Tuesday, June 13, 2006

SoCG 2006: The "shape" of things to come...

Sedona is very hot. Not hot enough to fry an egg on the pavement, but still very hot. Hot enough that any hiking activities must be conducted at 5:30 AM or so, so that one may be back in one's air-conditioned ozone-layer killing hotel by 7:45 or so, when things really start heating up.

On Monday, a bunch of us had hiked out to the Bell Rock, a rather large bell-shaped rock near the hotel. On Wednesday (I was too cowardly to brave the elements on Tuesday), we decided to climb as far up the rock as we could go. Lest you think that I am some kind of rock climbing savant, I will assure you that no such thing is true. The rocks were rough enough and the trails well marked enough that we could get pretty high up without needing technical apparatus of any kind.

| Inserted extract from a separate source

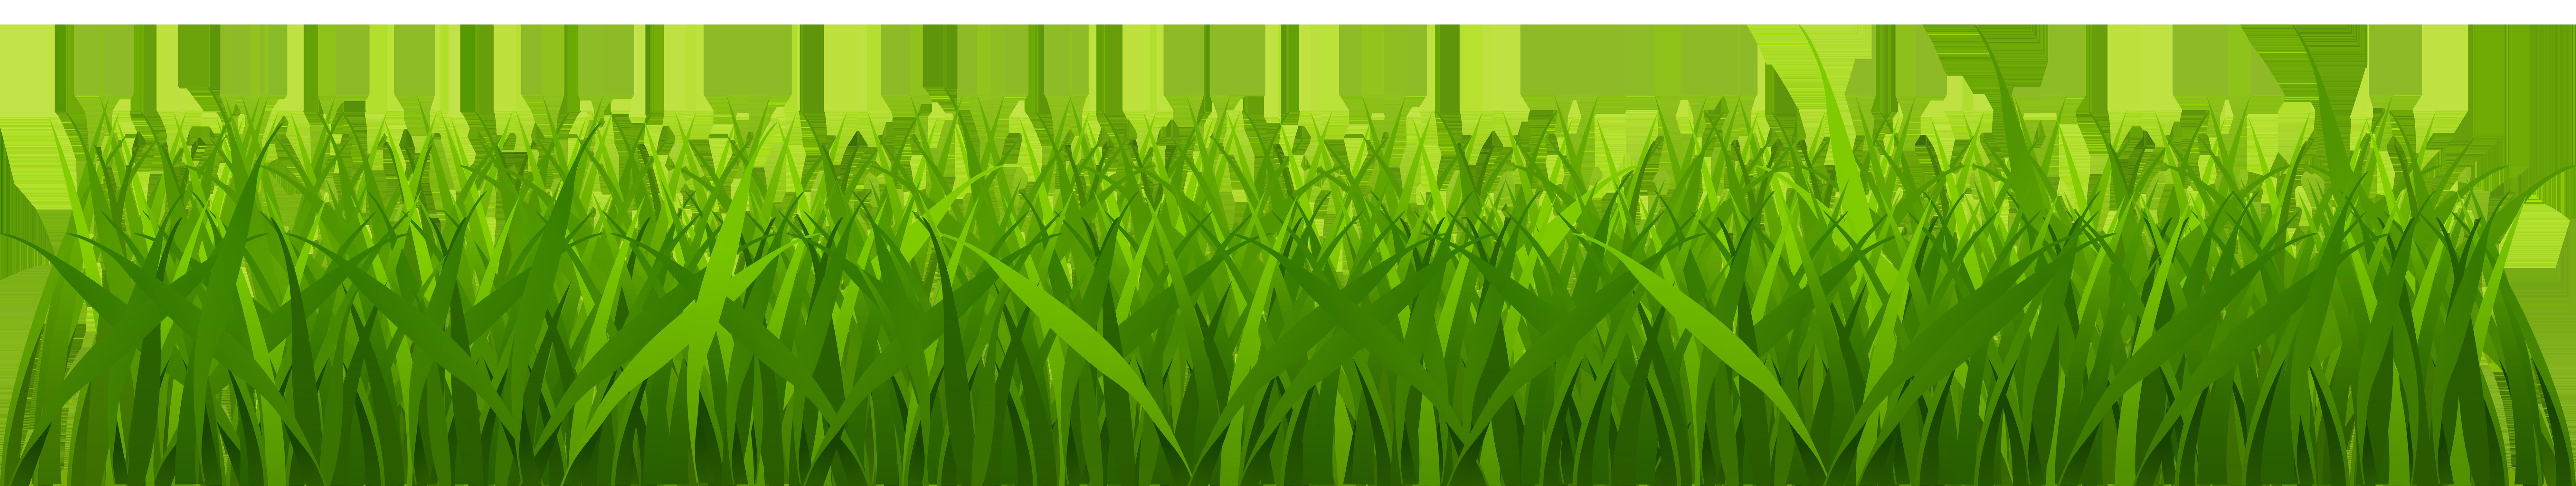 Grass Clip Art : Cyprus grass clipart clipground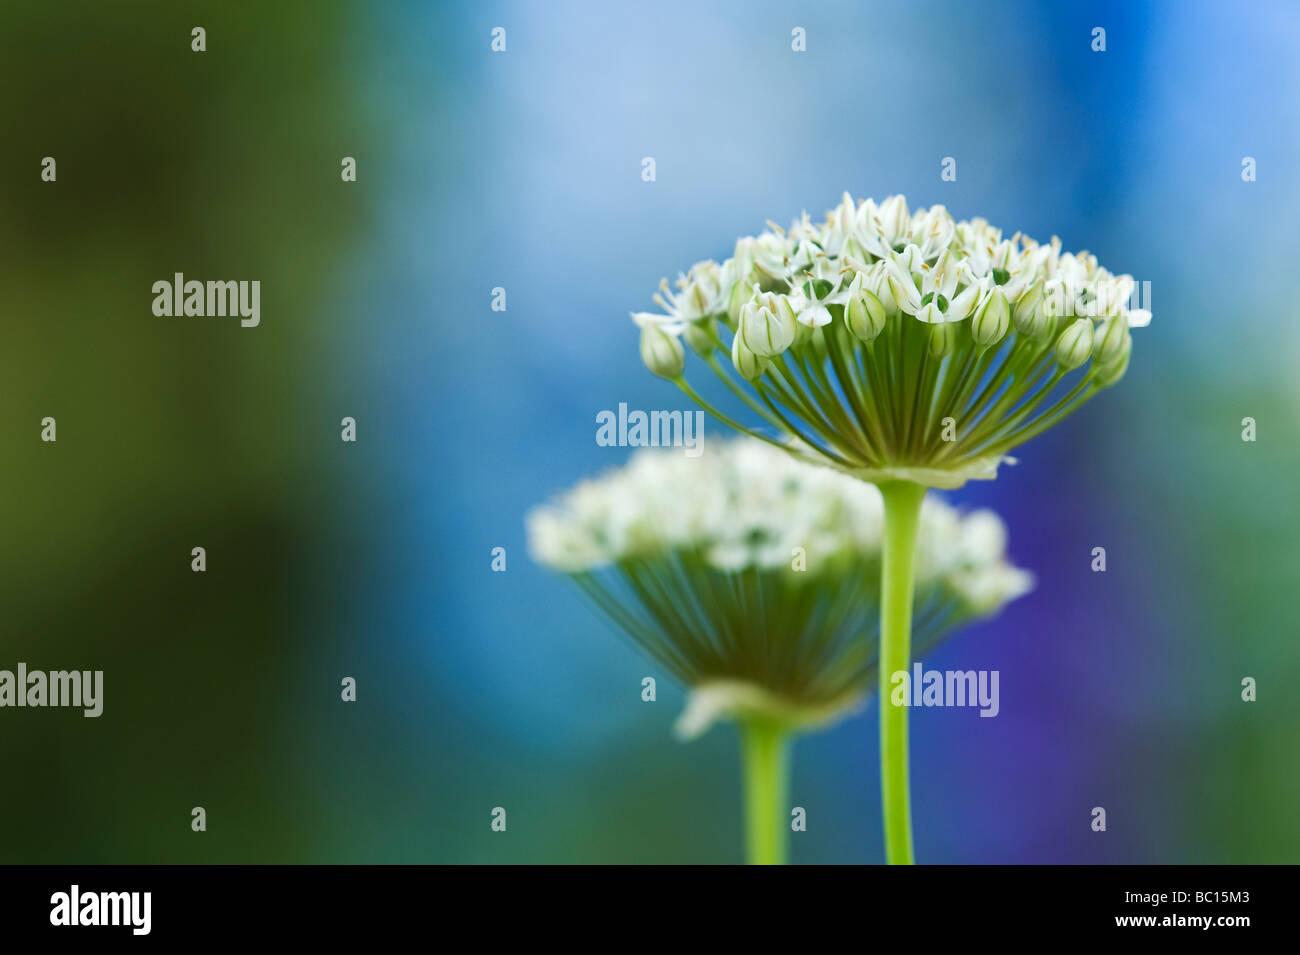 Allium Nigrum. Zierpflanzen Zwiebel/Knoblauch Blumen Schwarz Stockbild

Here, in all its beauty, is Bell Rock:

From this angle, it's hard to explain how high we got, but it was high enough :). It started raining as we descended. The rocks proceeded to get very slick, but in every other way the rain was highly welcome. The rest of the morning was pleasantly cool as a result; so much so that it was hard to stay indoors and attend the first session.

Even though it was day 3 of the conference, which usually means my brain is fried and I am longing to return home, I really wanted to attend the first session. You see, this session was one of many on the burgeoning area of computational topology, a topic that now has a significant presence within computational geometry.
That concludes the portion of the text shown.